Due to the non-modifiable nature of RDD, the operation of Rdd is different from normal object-oriented operation, and the operation of RDD is basically divided into 3 categories: Transformation,action,contoller

1. Transformation

Transformation is the creation of a new rdd for an existing RDD by conversion

Map (func): use Func for each element in the RDD dataset that calls map, and then return a new RDD, the returned dataset is a distributed data set

Filter (func): uses Func for each element in the RDD data set that invokes filter, and then returns an RDD that contains elements that make Func true

FlatMap (func): similar to map, but FLATMAP produces multiple results

Mappartitions (func): like map, but map is each element, and mappartitions is each partition

Mappartitionswithsplit (func): Similar to mappartitions, but Func acts on one of the split, so the Func should have index

Sample (Withreplacement,faction,seed): Sampling

Union (Otherdataset): Returns a new DataSet containing a collection of the source dataset and the elements of the given dataset

Distinct ([numtasks]): Returns a new DataSet containing the element of the distinct in the source dataset

Groupbykey (Numtasks): Return (K,seq[v]), which is the key-valuelist that the reduce function in Hadoop accepts

Reducebykey (Func,[numtasks]): It is to use a given Reducefunc re-action in the Groupbykey (K,seq[v]), such as summation, averaging

Sortbykey ([ascending],[numtasks]): Sort by key, ascending or descending, ascending is a Boolean type

Join (Otherdataset,[numtasks]): When there are two kv datasets (K,V) and (K,w), the dataset,numtasks of (K, (V,W)) is returned as the number of concurrent tasks

Cogroup (Otherdataset,[numtasks]): When there are two kv datasets (K,V) and (K,w), the k,seq[v],seq[w that returns (Dataset,numtasks]) is the number of concurrent tasks

Transformation Features:

Lazy optimization: Due to the lazy nature of the tranformation, which is created not to run immediately, for the framework, I have enough time to see as many steps as possible, the more steps I see, the greater the space to optimize.
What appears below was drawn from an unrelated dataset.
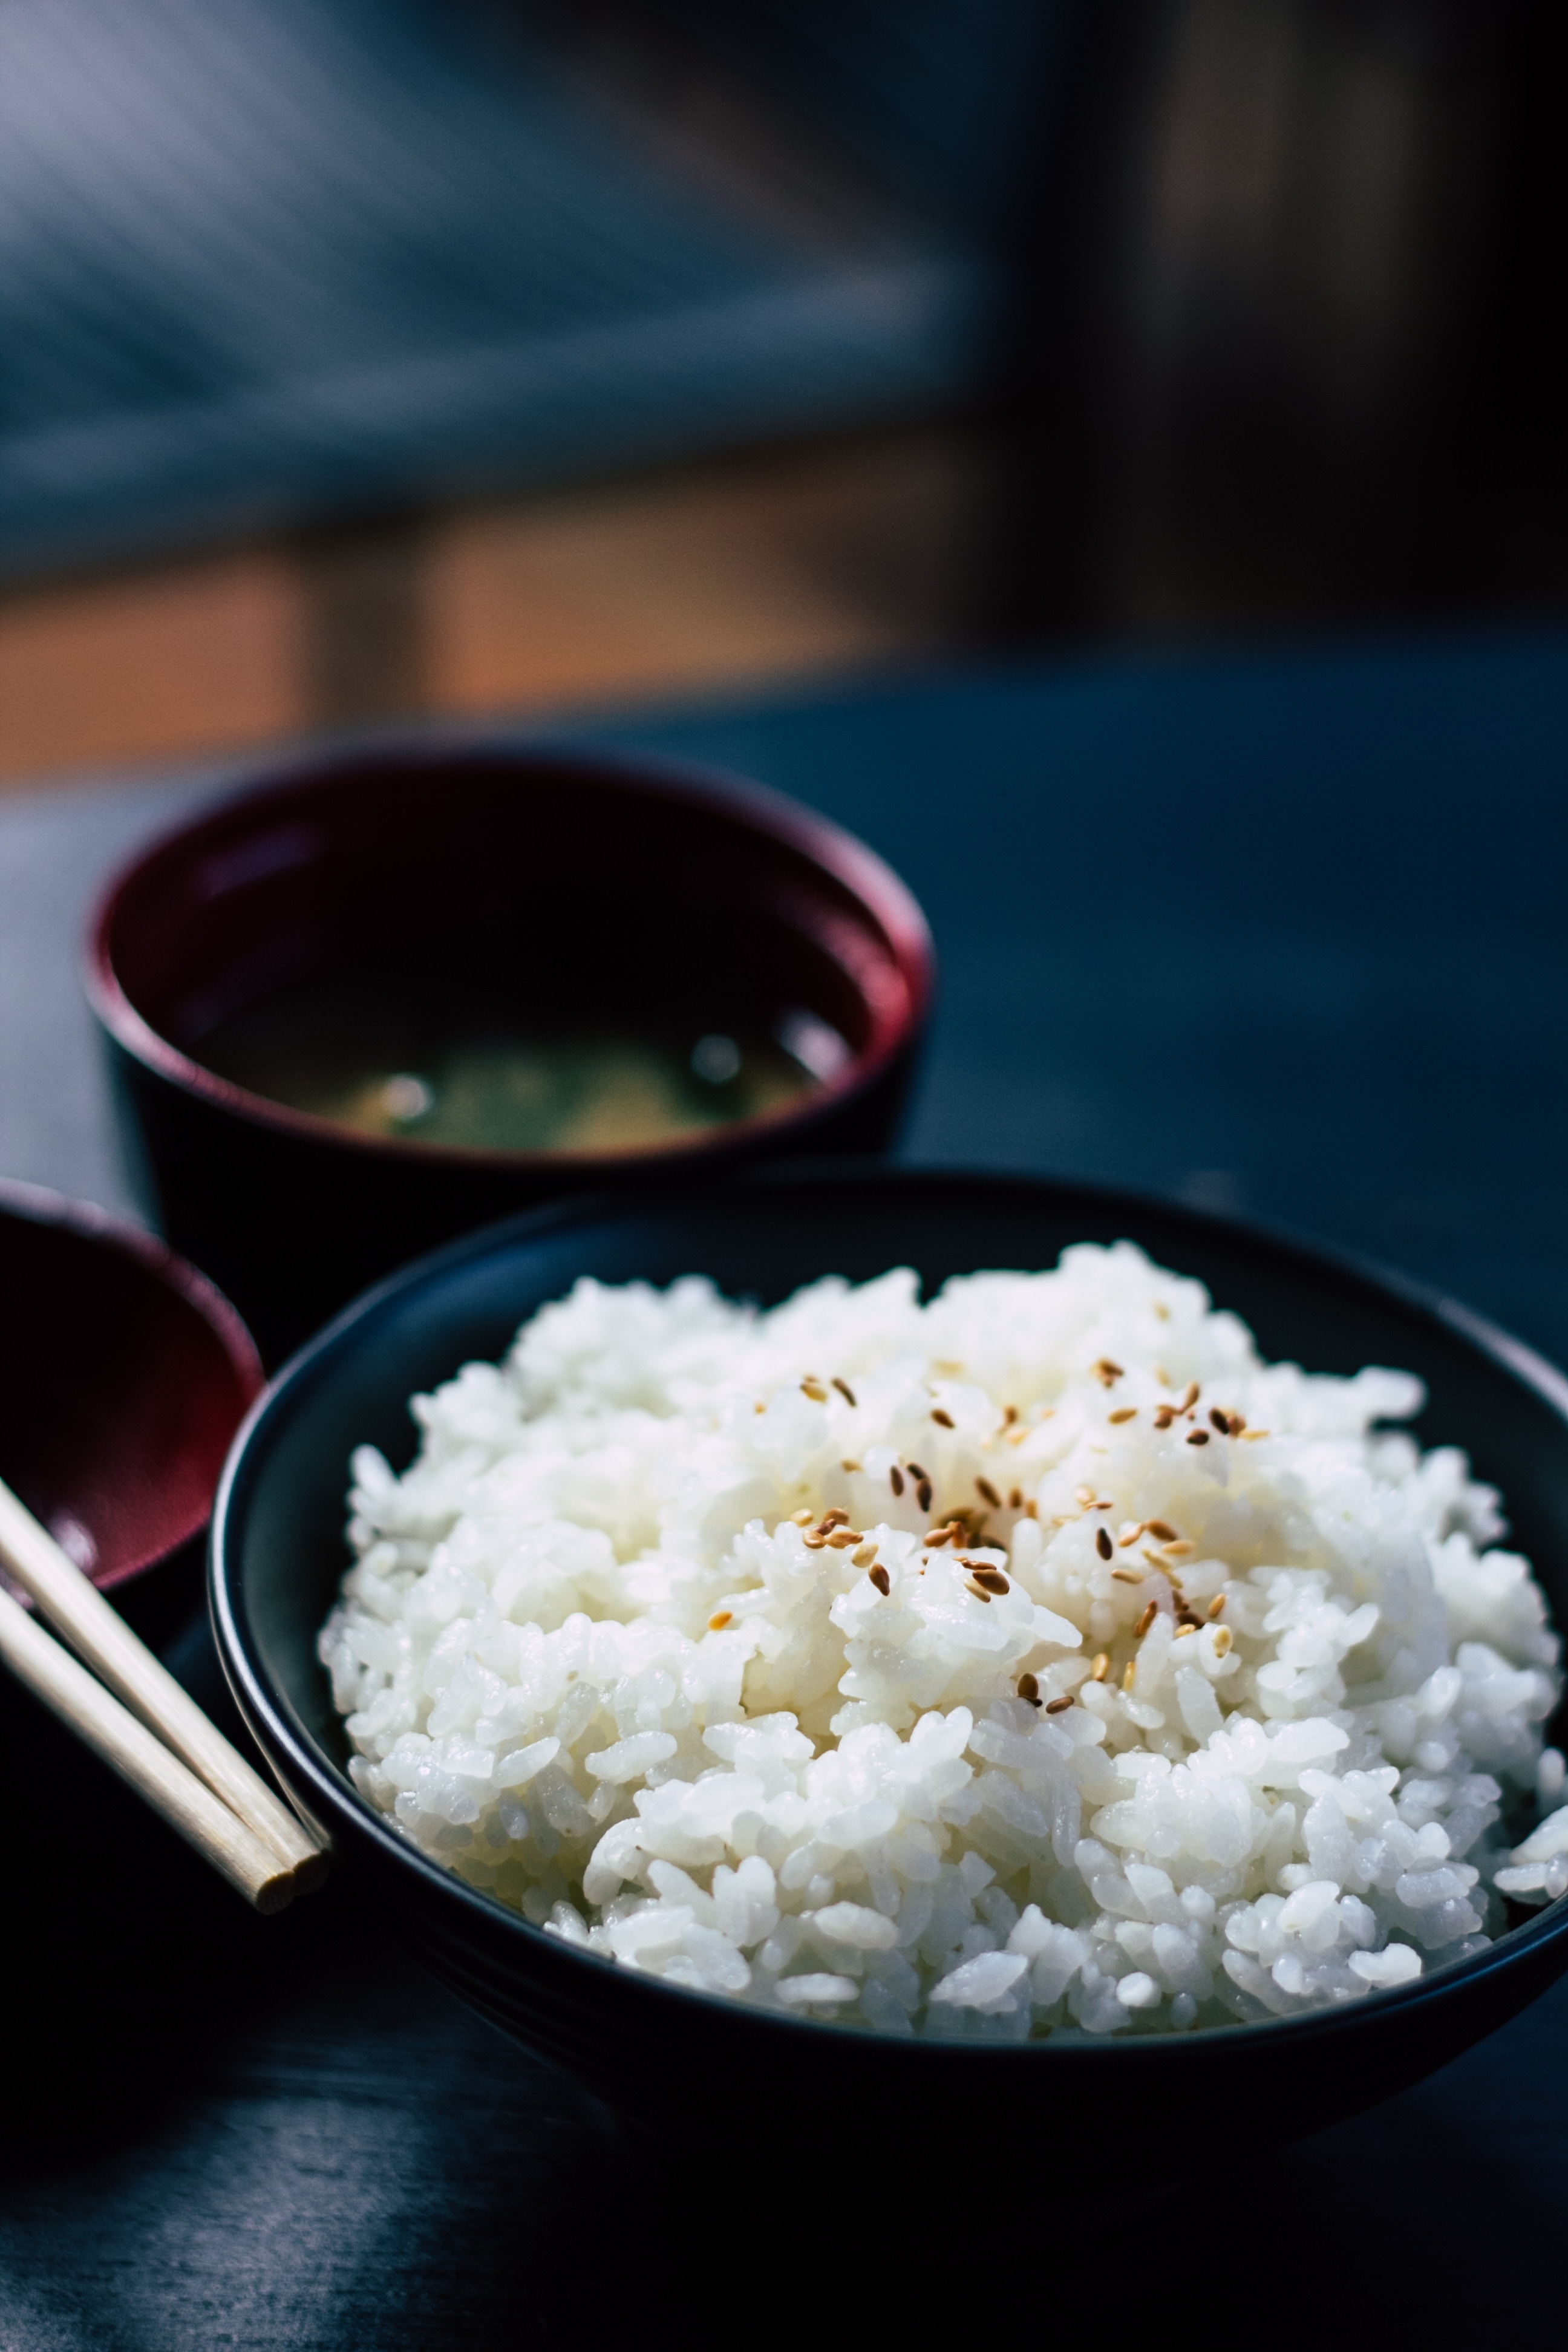 Asalnya sama, nasi punya 4 nama beda menurut wujud & tahap mengolahnya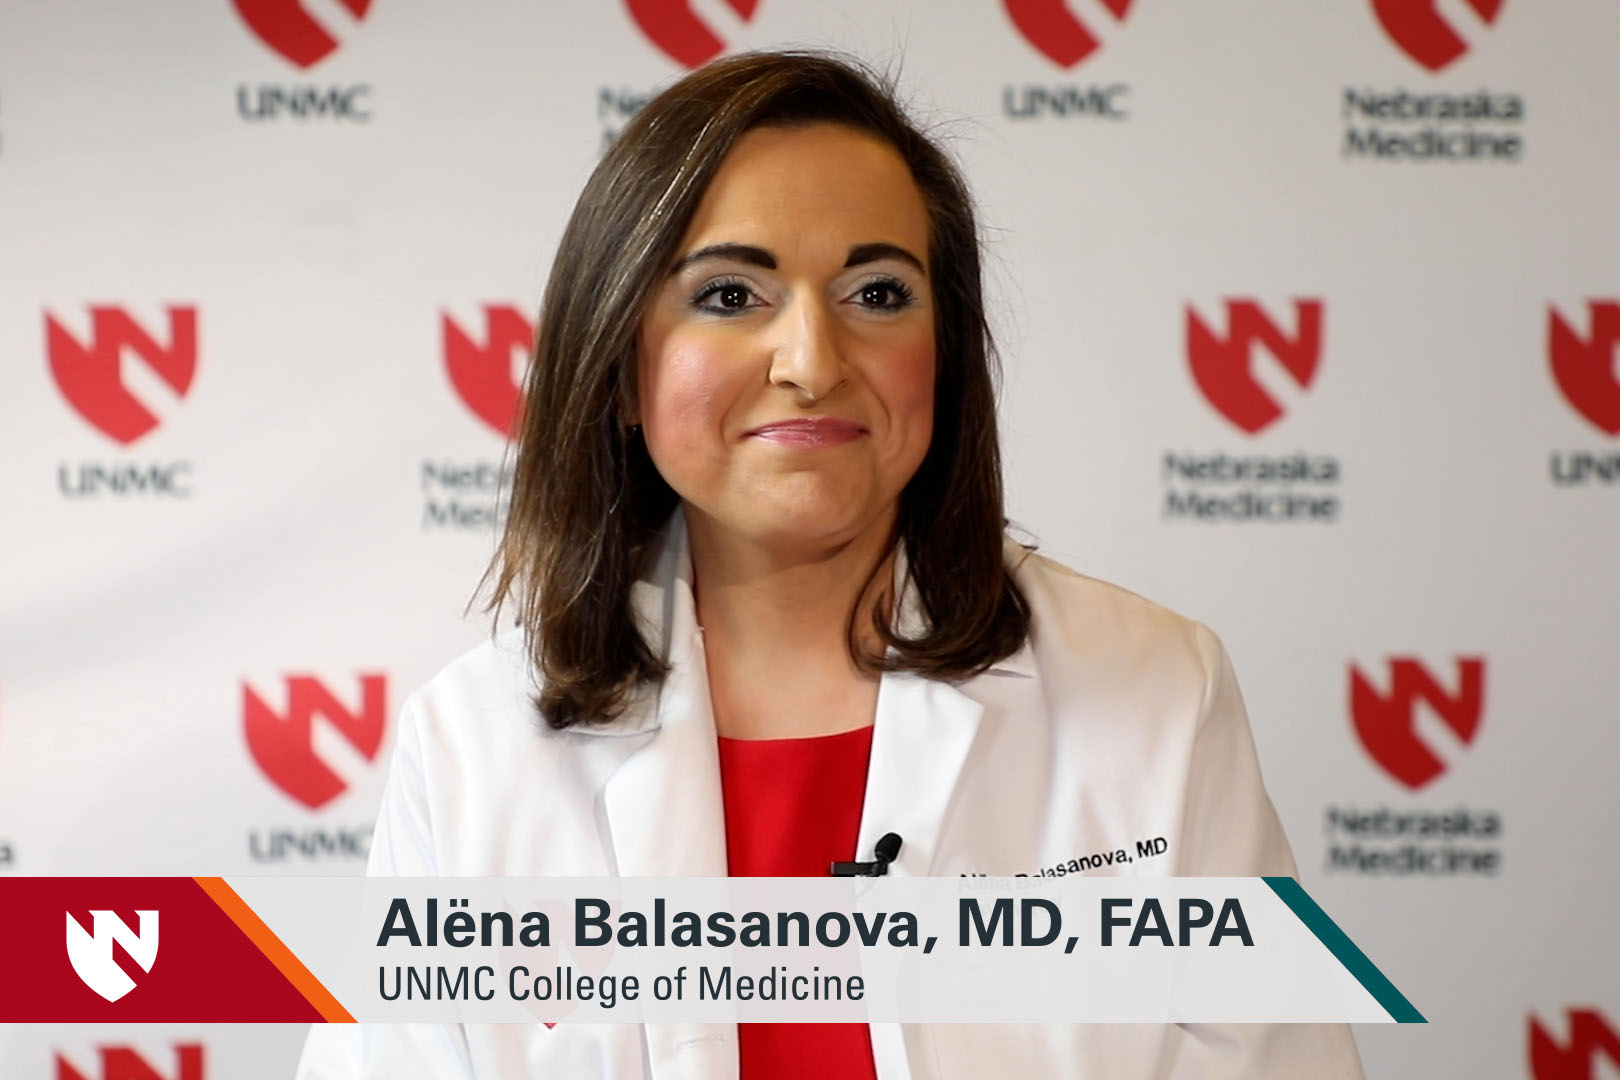 ASK UNMC! Alëna Balasanova, MD, FAPA, UNMC College of Medicine

The simplest way to optimize is to merge the steps, for example, the original practice is to a=b*3;b=c*3;c=d*3;d=3, the step is a=3*3*3*3 after the merger.

2. Action

The purpose of the action action is to get a value, or a result

Reduce (func): To put it bluntly is to gather, but the incoming function is two parameter inputs to return a value, which must satisfy the Exchange law and the binding law

Collect (): Usually in filter or small enough results, and then return an array in the Collect package

COUNT (): Returns the number of element in the dataset

First (): Returns a single element in the dataset

Take (N): Returns the first n elements, the Driverprogram returned by the

Takesample (withreplacement,num,seed): Sampling returns NUM elements in a dataset, random seed seeds

Saveastextfile (Path): Writes a DataSet to a textfile, or HDFS, or HDFS-supported file system, Spark converts each record to a single row of records and writes it to file

Saveassequencefile (PATH): Can only be used on key-value, then generate Sequencefile write to local or Hadoop file system

Countbykey (): A map that returns the number of keys corresponding to an RDD

foreach (func): use Func for each element in the dataset

3. Contoller

Contoller actions are mainly for persistent rdd, such as cache (), persist (), Checkpoint ();

The specific content will be explained in the follow-up publication.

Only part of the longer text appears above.